# Advice on conversion kits please



## Juliansou (14 Sep 2020)

Hi all,
I'm hoping to pick the brains of those far more experienced than me! I’m looking to convert my Elephant bike (refurbished Royal Mail bike) to an ebike - photo attached. It’s a pretty robust steel frame made by Pashley, weighing in at at hefty 23kg! The main issue I can see is that it’s has the Sturmey Archer 3 speed hub, and hub brakes front and rear. Does this mean just swapping out the front wheel is a non starter? Any ideas would be very much appreciated. I’m happy with the bike but would like to make it just a bit more versatile ( especially up the hills). I have limited knowledge of the cost for these conversions but would obviously like to bring it in for as little as I practically can. I’ve heard mixed reviews on a friction set up - any views on these too?

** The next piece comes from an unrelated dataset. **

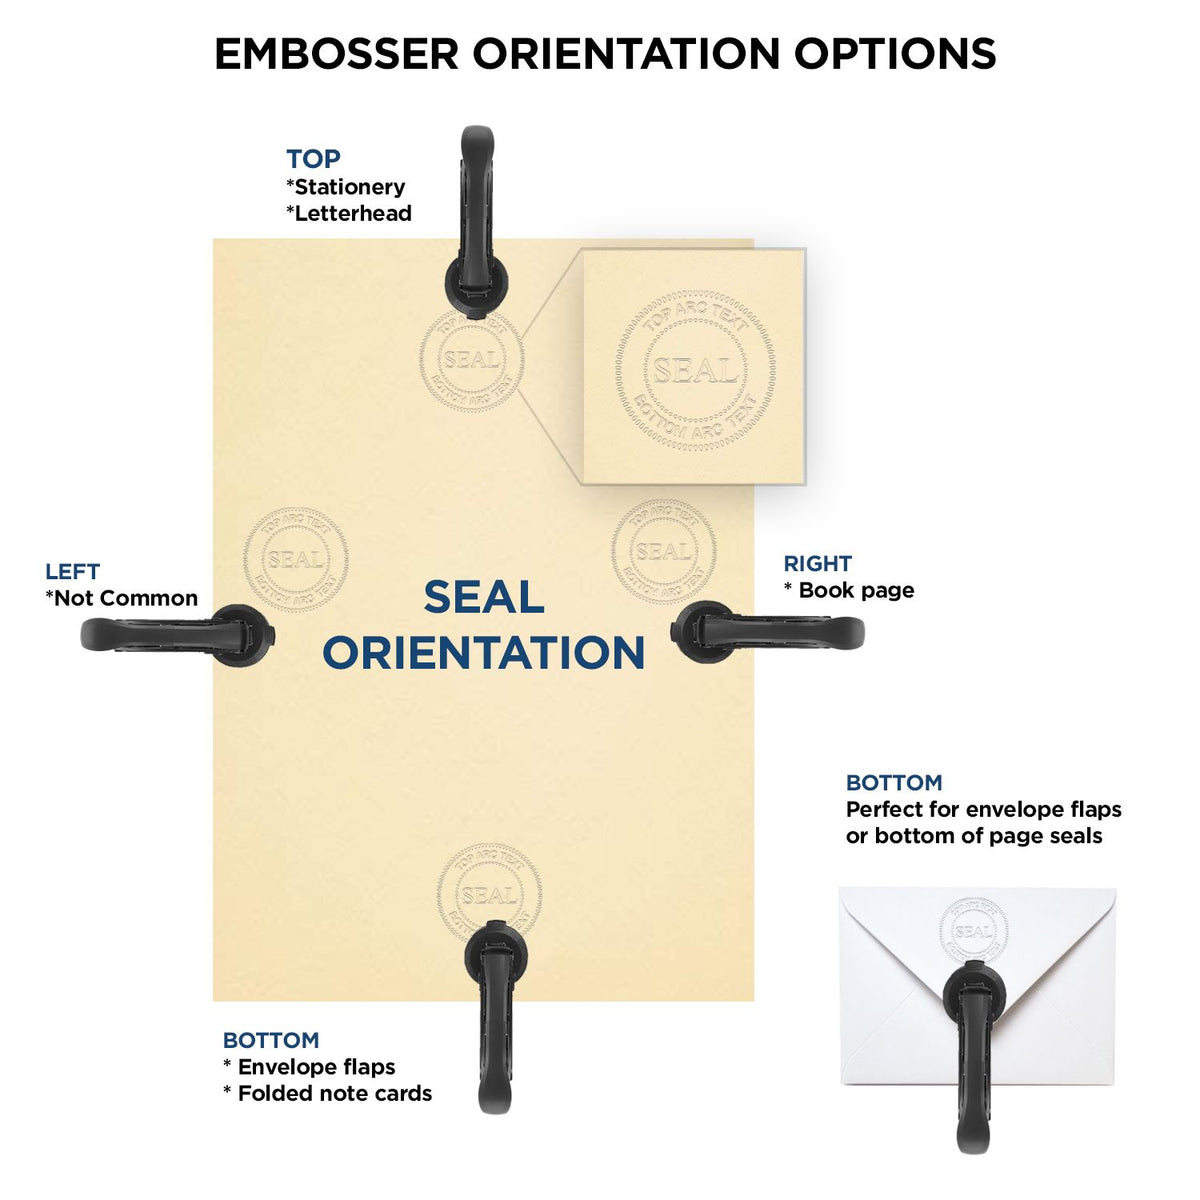 An infographic for the Heavy Duty Cast Iron New Jersey Architect Embosser showing embosser orientation, this is showing examples of a top, bottom, right and left insert.
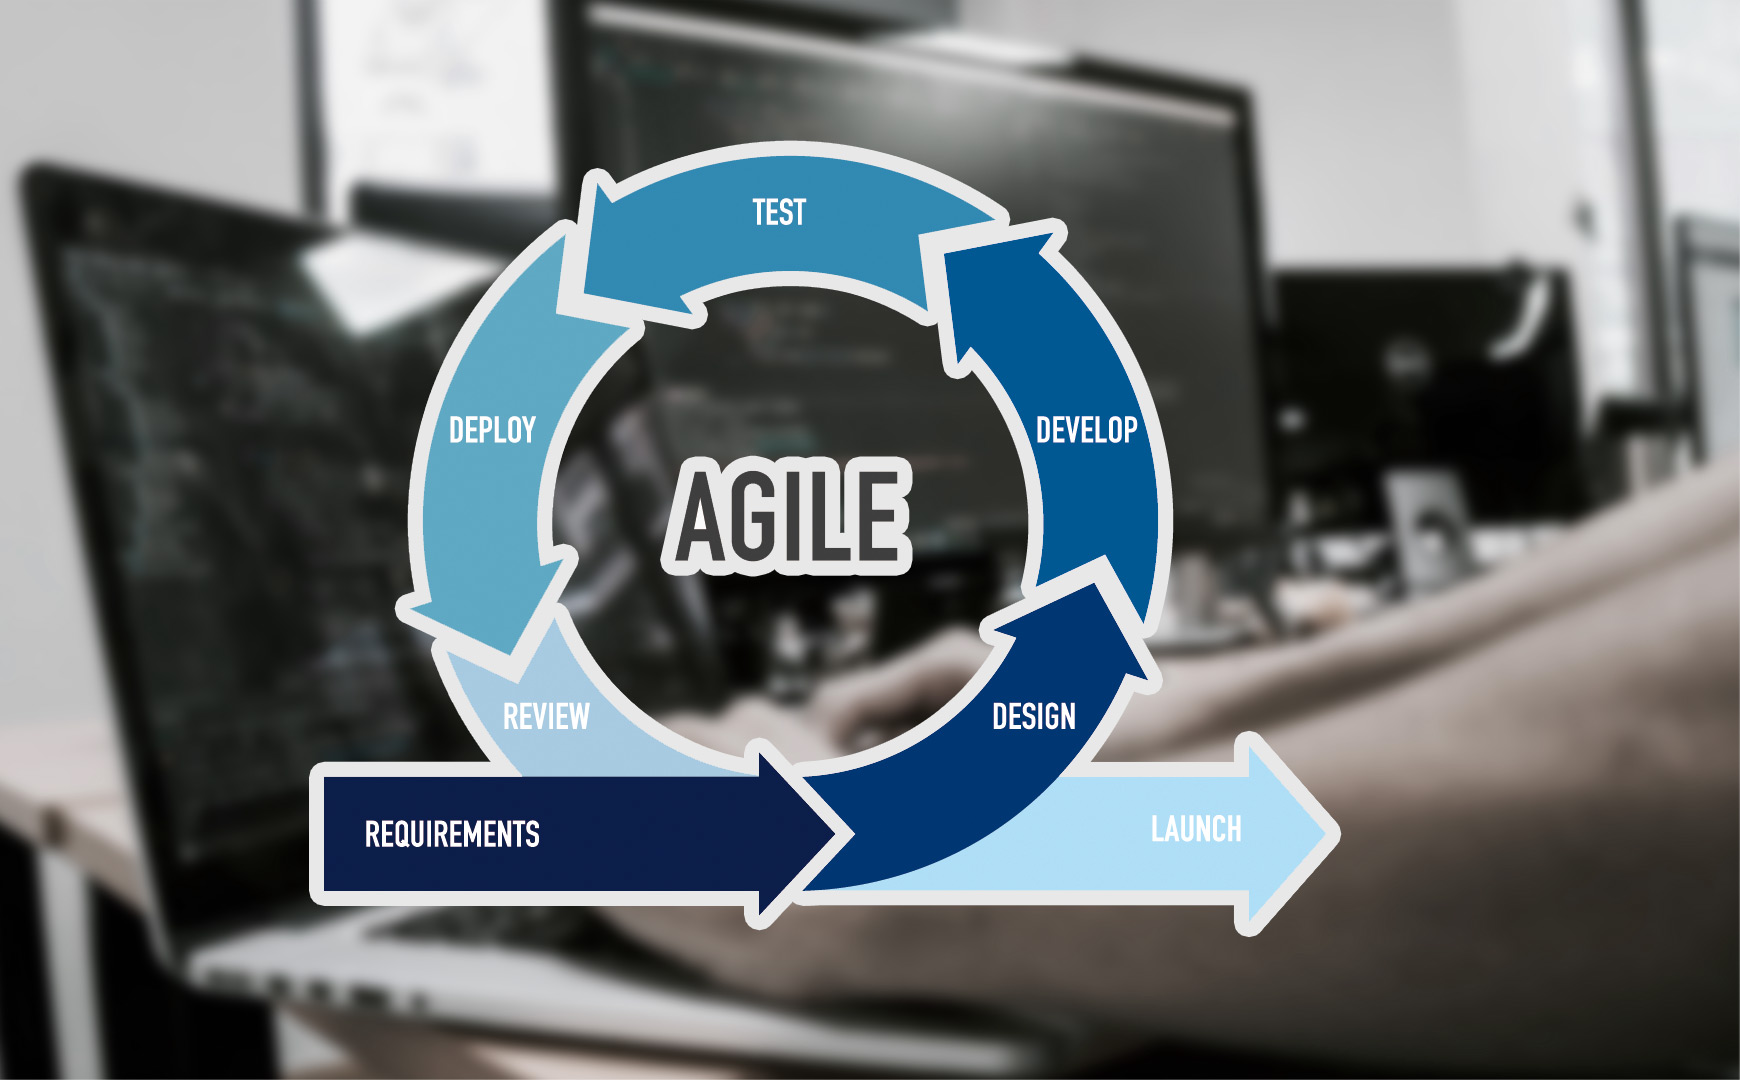 Through agile development, we immediately respond to the changes in business conditions

Thanks all in advance for you shared knowledge.


----------



## aldus (14 Sep 2020)

Might I suggest a mid-frame conversion? you can keep the brakes and the hub. The Bafang kits seem to be pretty dependable, they're assembly is very well documented on YouTube, and they seem to be quite available.


----------



## HMS_Dave (14 Sep 2020)

I have an elephant bike and have mulled over this myself. I would get mid drive conversion kit similar to these https://wooshbikes.co.uk/?cdkit#tsdz2 which replaces the bottom bracket for a motor assembly, simply put. The SA Hub is a robust bit of kit and would handle the power im sure. That would eliminate the need to replace the hub brakes and keeps the bike largely as it is. Forget the friction type ebike kits, if by friction you mean the ones that drive directly onto the tyres, i would avoid. Extra tyre wear, questionable performance in all but the most perfect conditions and can be quite noisy and unreliable.


----------



## toffee (14 Sep 2020)

I have just converted my wife's Dutch style bike below with one of the Tonsheng 36v kits, works a treat.


----------



## Juliansou (14 Sep 2020)

Thanks folks
I think mid frame is the way forward - I like the idea of keeping the bike ’as is’ if possible.


----------



## Pale Rider (15 Sep 2020)

A crank drive is the only practical solution.

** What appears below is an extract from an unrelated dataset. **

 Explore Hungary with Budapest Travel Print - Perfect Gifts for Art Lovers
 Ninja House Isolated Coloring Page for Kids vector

Judging by what I've read over the years, Bafang kits are more reliable than Tongsheng.

One thing that will almost certainly have to go the journey is the bike's centre stand.

Pity, because a prop stand would be a bit iffy on a cargo bike.

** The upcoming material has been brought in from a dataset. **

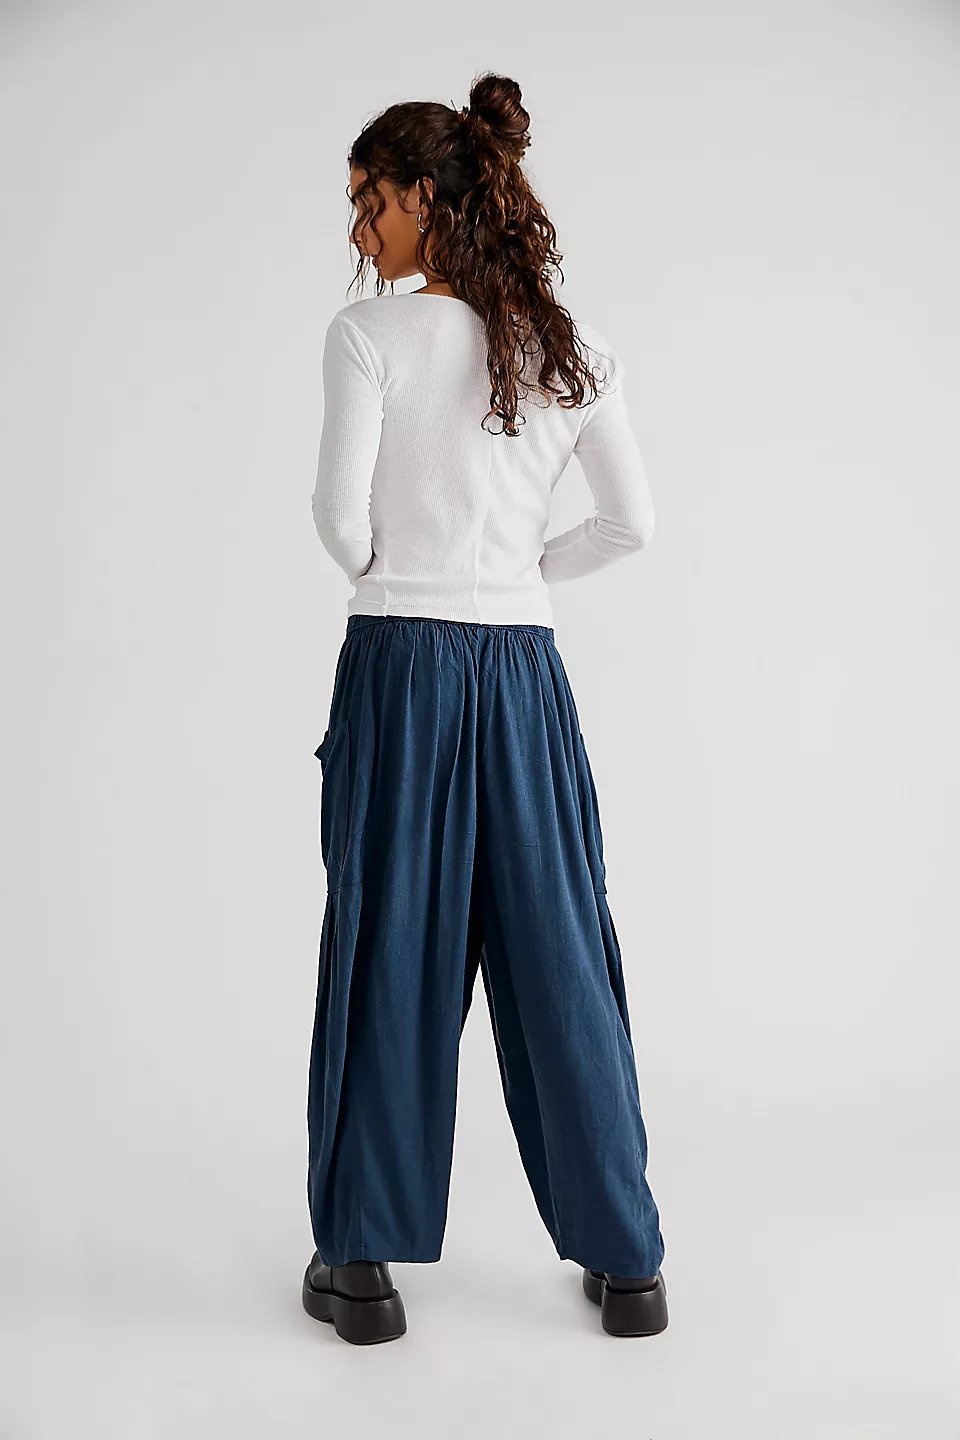 ❤️LAST DAY 70% OFF - Quinn Plus Size Pants (Buy 2 Get Extra 10% OFF)

Some touring bikes have two prop stands - an 'extra' one on the front fork.


----------



## CXRAndy (15 Sep 2020)

Pale Rider said:


> A crank drive is the only practical solution.
> 
> Judging by what I've read over the years, Bafang kits are more reliable than Tongsheng.
> 
> ...



The wife's bike is happily running a TSDZ2 with centre double leg stand. I had to remove the anti rotation bracket, but the motor hasn't rotated, so all is good  

The Bafang don't use an additional bracket from what I can see. The motor is held by the locking tabs in the bottom bracket, so a centre stand is still possible (bike frame dependent)


----------



## HMS_Dave (15 Sep 2020)

Pale Rider said:


> A crank drive is the only practical solution.
> 
> Judging by what I've read over the years, Bafang kits are more reliable than Tongsheng.
> 
> ...


It's been done with the stand left on before now, so it may be OK. Think that was a bafang unit if memory serves. Came across that on another forum.


----------